The decision, likely to be announced within days, will result in the collection of about $3.5 billion a year towards the Commonwealth's major share of the scheme. It is expected to begin in 2014.
But while the new levy suggests the future of the NDIS is assured, both the scheme and Ms Gillard's school funding reforms face new doubts after the Coalition indicated neither was assured of identical funding it it won government at the September 14 election.
In a series of mixed messages emanating from the Coalition, Opposition Leader Tony Abbott recommitted to the NDIS but questioned the wisdom of a levy and hinted that the starting date should be subject to the state of the economy.
At the same time, his would-be treasurer, Joe Hockey, declared that an Abbott government would scrap Labor's school funding deal with the states and territories unless it had unanimous support, despite NSW Liberal Premier Barry O'Farrell signing on last week.
''We have said repeatedly that if all states don't sign up, then it is not a plan we can support,'' Mr Hockey told Sky News on Tuesday.
His comments came just hours after fellow Liberal frontbencher Jamie Briggs said the Coalition would ''of course'' be bound by any existing agreements with states.
''As far as honouring contracts, we'll honour contracts, of course we will, if we win the election … we're not going to back away from what has been agreed to between two governments,'' Mr Briggs said on the ABC's Q&A program from Adelaide on Monday.
Mr Hockey's concerns about affordability have put him at odds with Mr Abbott on the disability scheme.
''I am sometimes accused of being Dr No … when it comes to the NDIS, I am Dr Yes,'' Mr Abbott told a Perth rally a year ago.
But Mr Hockey said the scheme might not be affordable in the current environment.
''Well, it depends on what the state of the budget is.

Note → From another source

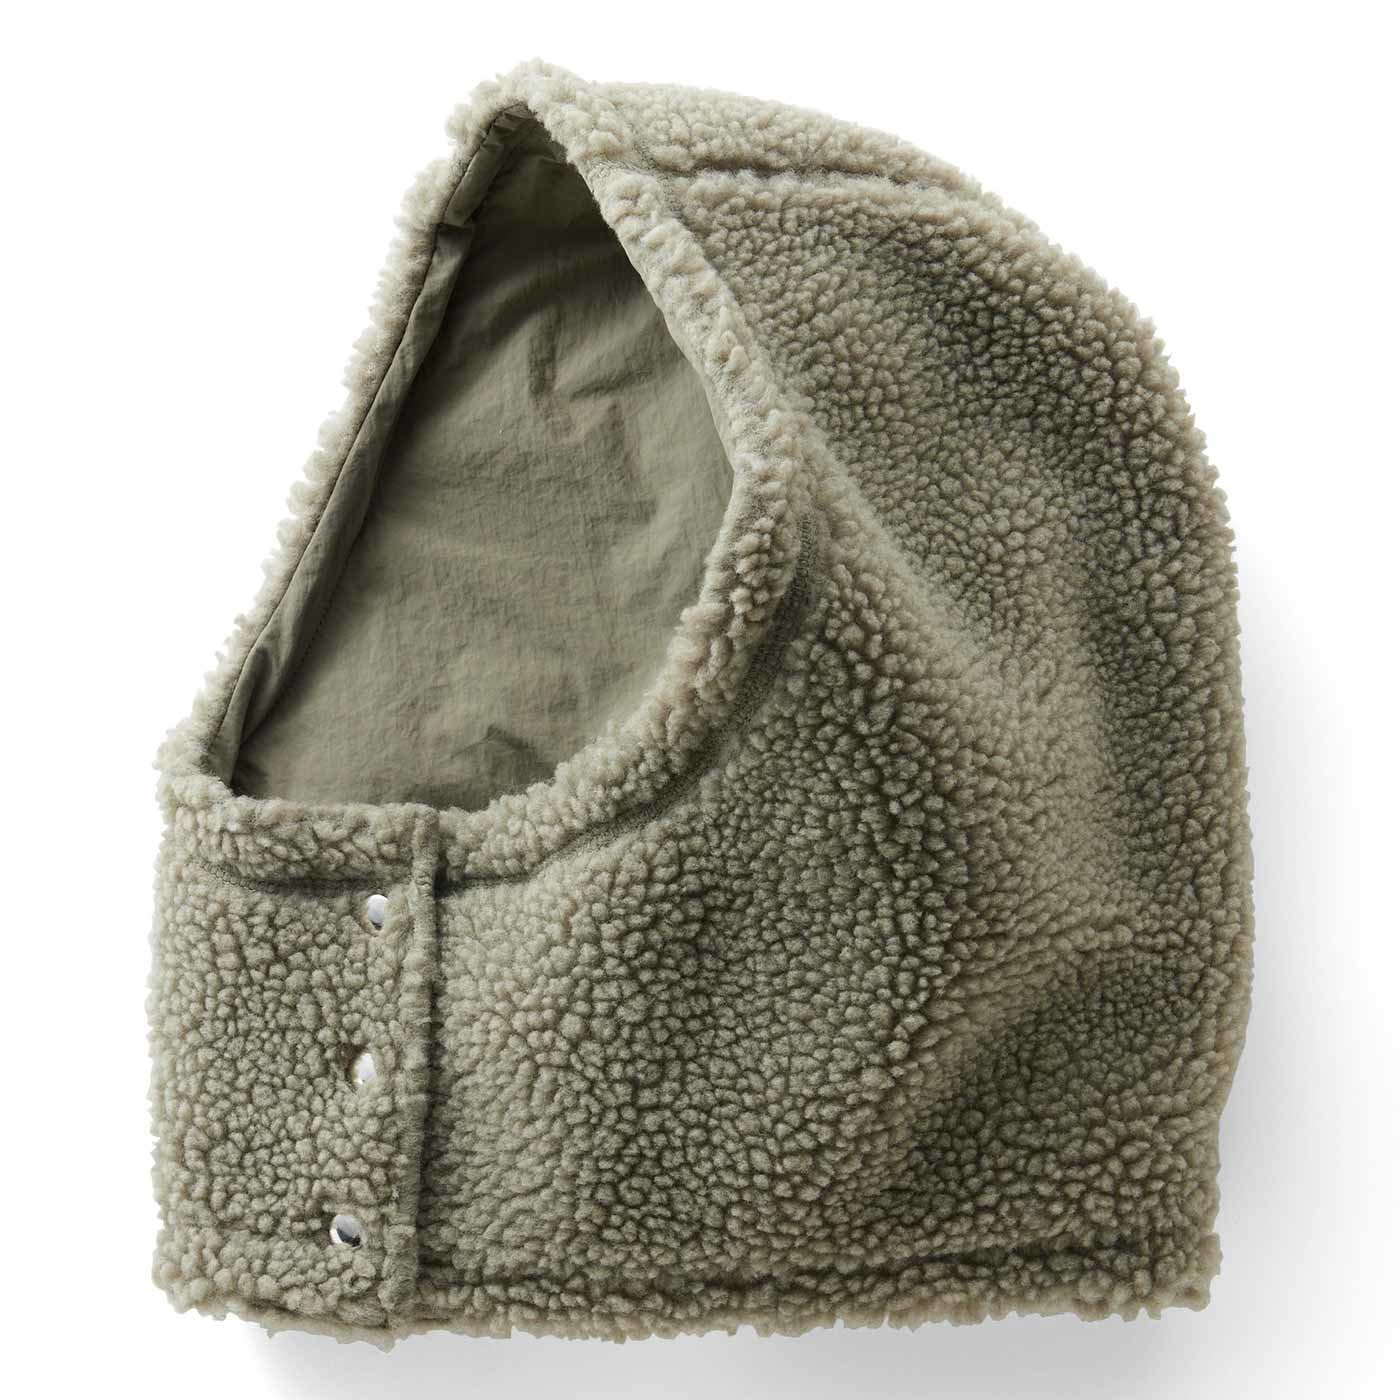 IEDIT[イディット] 暖かくコーデを盛り上げる ボア×撥水(はっすい)素材のリバーシブルフヌード〈スモーキーカーキ〉

This is like trying to grapple with shadows and grapple with smoke,'' he said.
My Hockey said he did not regard a new levy "as the right solution in this environment".
"If the economy is under-performing, you don't tax it to increase performance. You never tax and regulate your way to prosperity, this is something the Labor Party just doesn't get."
Trade Minister Craig Emerson described the threats to undo the Gonski reforms as a ''betrayal'' of the nation's children.
''What a tragedy it would be if Mr Abbott became prime minister, because he would ensure that Australian kids get a second-rate education,'' he said.